Alexia Germont
Interview publiée dans Décideurs Magazine – Avril 2017 – Rubrique “Influenceurs”
Fondatrice du think tank France Audacieuse, Alexia Germont revient sur le rôle central de la société civile dans la campagne présidentielle et les propositions des candidats, sur la nature de cette action censée légitimer une parole politique aujourd’hui largement discréditée et sur les limites de sa portée.
Décideurs. La société civile est très présente dans cette campagne présidentielle, pourquoi ?
Alexia Germont. Effectivement, jamais une élection n’a autant fait appel à la société civile. Pour moi cela s’explique par le fait que les partis politiques ont tellement perdu en crédibilité qu’ils sont devenus inaudibles. Aujourd’hui, ils ont besoin de cette estampille pour être entendus et jugés dignes de confiance. Résultat, chacun cherche à faire infuser les idées de la société civile dans son programme et affirme s’en faire l’écho.
Comment définissez-vous ce concept dont tous se revendiquent ?
Il existe selon moi une vraie distinction entre ce qu’implique la société civile et ce qui relève de l’énergie citoyenne. L’énergie citoyenne est tout ce qui redonne au citoyen le goût de la chose publique par des initiatives telles que la primaire.org, Nuit Debout ou Bleu-blanc-zèbre… La société civile désigne ceux qui font avancer l’économie, qui possèdent des compétences techniques dans un domaine donné, qui sont au contact des réalités de terrain et qui, de ce fait, peuvent éclairer les propositions formulées par le politique et les légitimer.
Pourtant, alors que la société civile semble en passe de devenir un argument de marketing politique, elle peine à dépasser le stade de l’interpellation …
Pour l’heure il est vrai qu’une partie de l’action de la société civile relève essentiellement de la contestation, ce qui n’est pas sans risque. Il existe au sein de la société une telle attente que ces actions qui se concentrent sur la critique sans parvenir à produire du fond alimentent une déception. Cela reflète d’ailleurs pour partie le caractère français : très porté sur la critique et la révolte à l’autorité mais qui, une fois au pied du mur, peine à proposer du concret.

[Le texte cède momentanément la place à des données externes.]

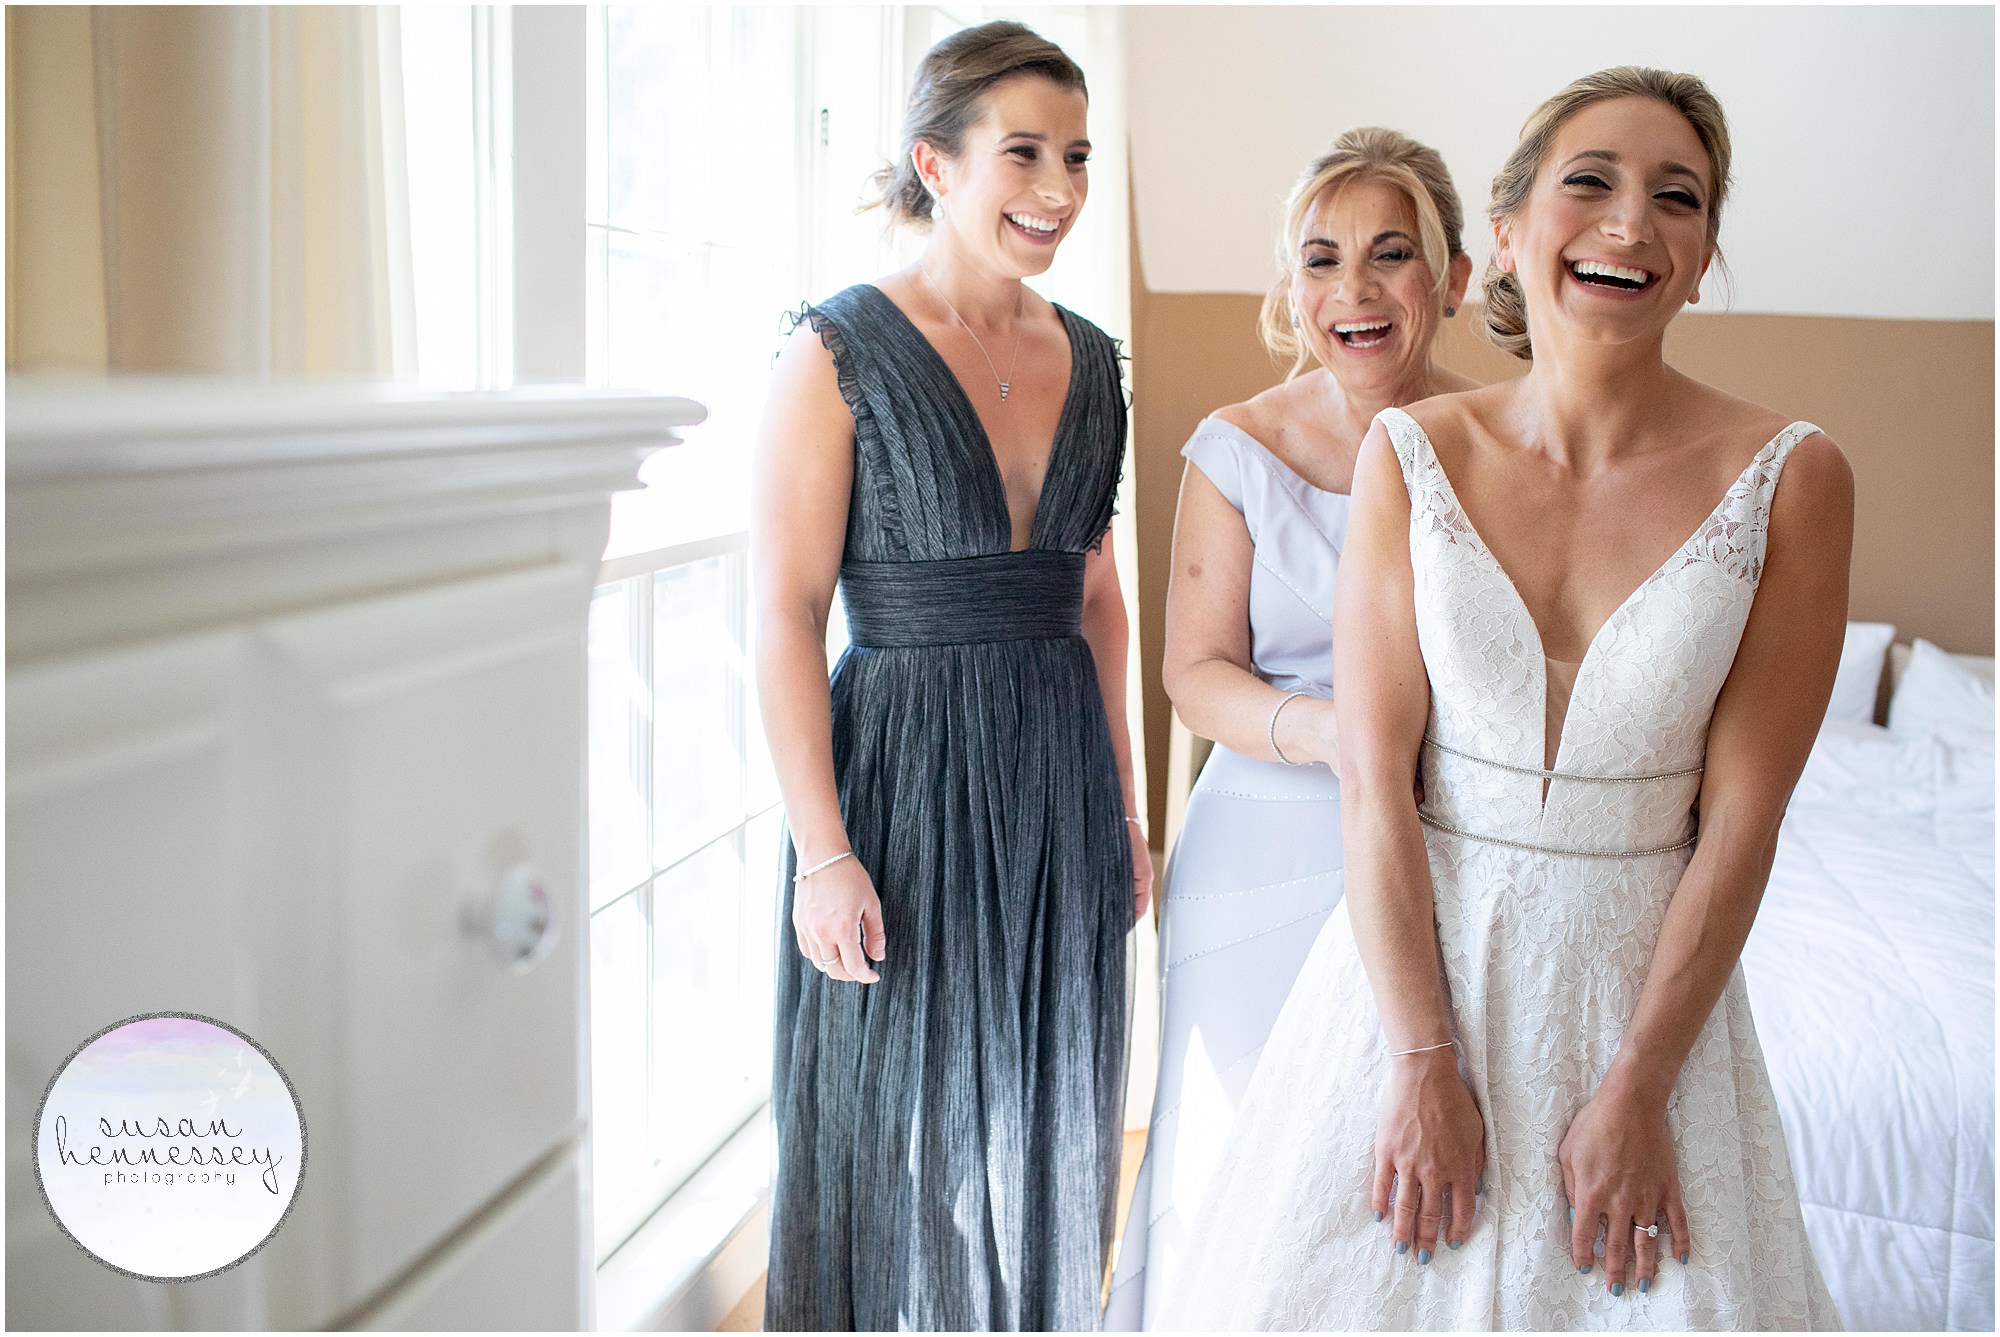 A bride, her mother and sister laugh while she gets zipped into her gown.
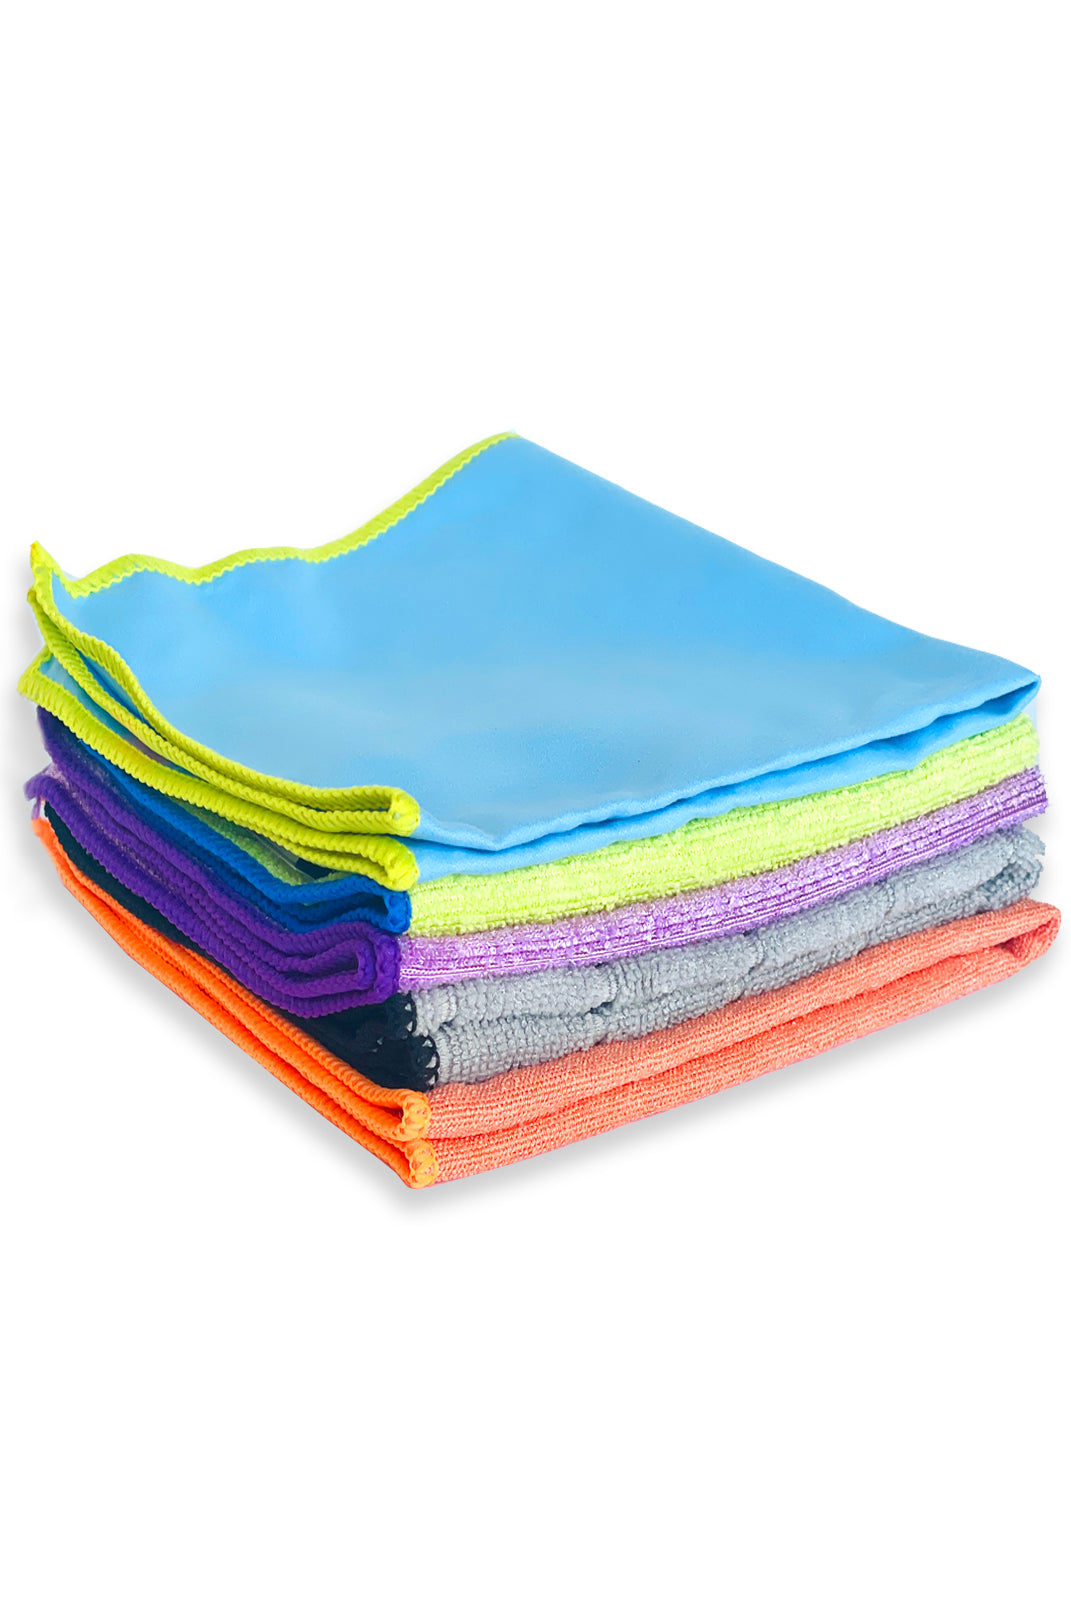 Reusable Microfiber Cleaning Cloths, 5ct

Les partis politiques eux-mêmes, qui ont à leur disposition un appareil, des moyens financiers et des professionnels ne parviennent plus à le faire parce qu’ils sont asséchés au niveau des idées. Quant aux mouvements issus de la société civile, ils ont l’inspiration, ils ont l’intuition, mais ils ne parviennent pas à concrétiser leurs idées.
Comment expliquer cela ? Diriez-vous qu’il existe une sorte de plafond de verre?
Je vois deux raisons à cela. D’une part la chose publique ne s’improvise pas. Pour défendre efficacement des idées il faut être compétent sur le fond, savoir prendre la parole, etc. Il y a donc une “taxe d’apprentissage” dont on ne peut faire l’économie si l’on veut passer le stade des idées. D’autre part, il y a la question essentielle du statut de l’élu. S’engager dans la vie publique représente un effort considérable en termes de temps et d’énergie. Mener à bien cet engagement lorsqu’on est issu de la société civile s’accompagne donc nécessairement d’une mise en retrait de sa vie professionnelle et donc d’une prise risque. Le plafond de verre est là. Si l’on ne résout pas ce problème, on ne pourra jamais parvenir à un Parlement plus représentatif.
Quel devrait être, selon vous, la nature du rapport société civile- vie publique?
Certains, comme Alexandre Jardin, considèrent qu’il doit s’agir d’un rapport d’opposition. Que c’est la société civile contre le politique. Qu’il faut faire table rase. Je ne partage pas cette analyse. Pour moi le bon registre doit être celui de la complémentarité et du partenariat assorti d’une réelle liberté de ton. Il y a un apport indéniable de la société civile au politique, mais les institutions doivent être respectées. Je pense que l’on peut restaurer le lien nécessaire à l’élaboration d’un projet commun de société avec ce type de partenariat, avec l’aide d’une société civile compétente et éclairée, apte à se faire le porte-voix de partis politiques aujourd’hui perçus comme vendant leur programme.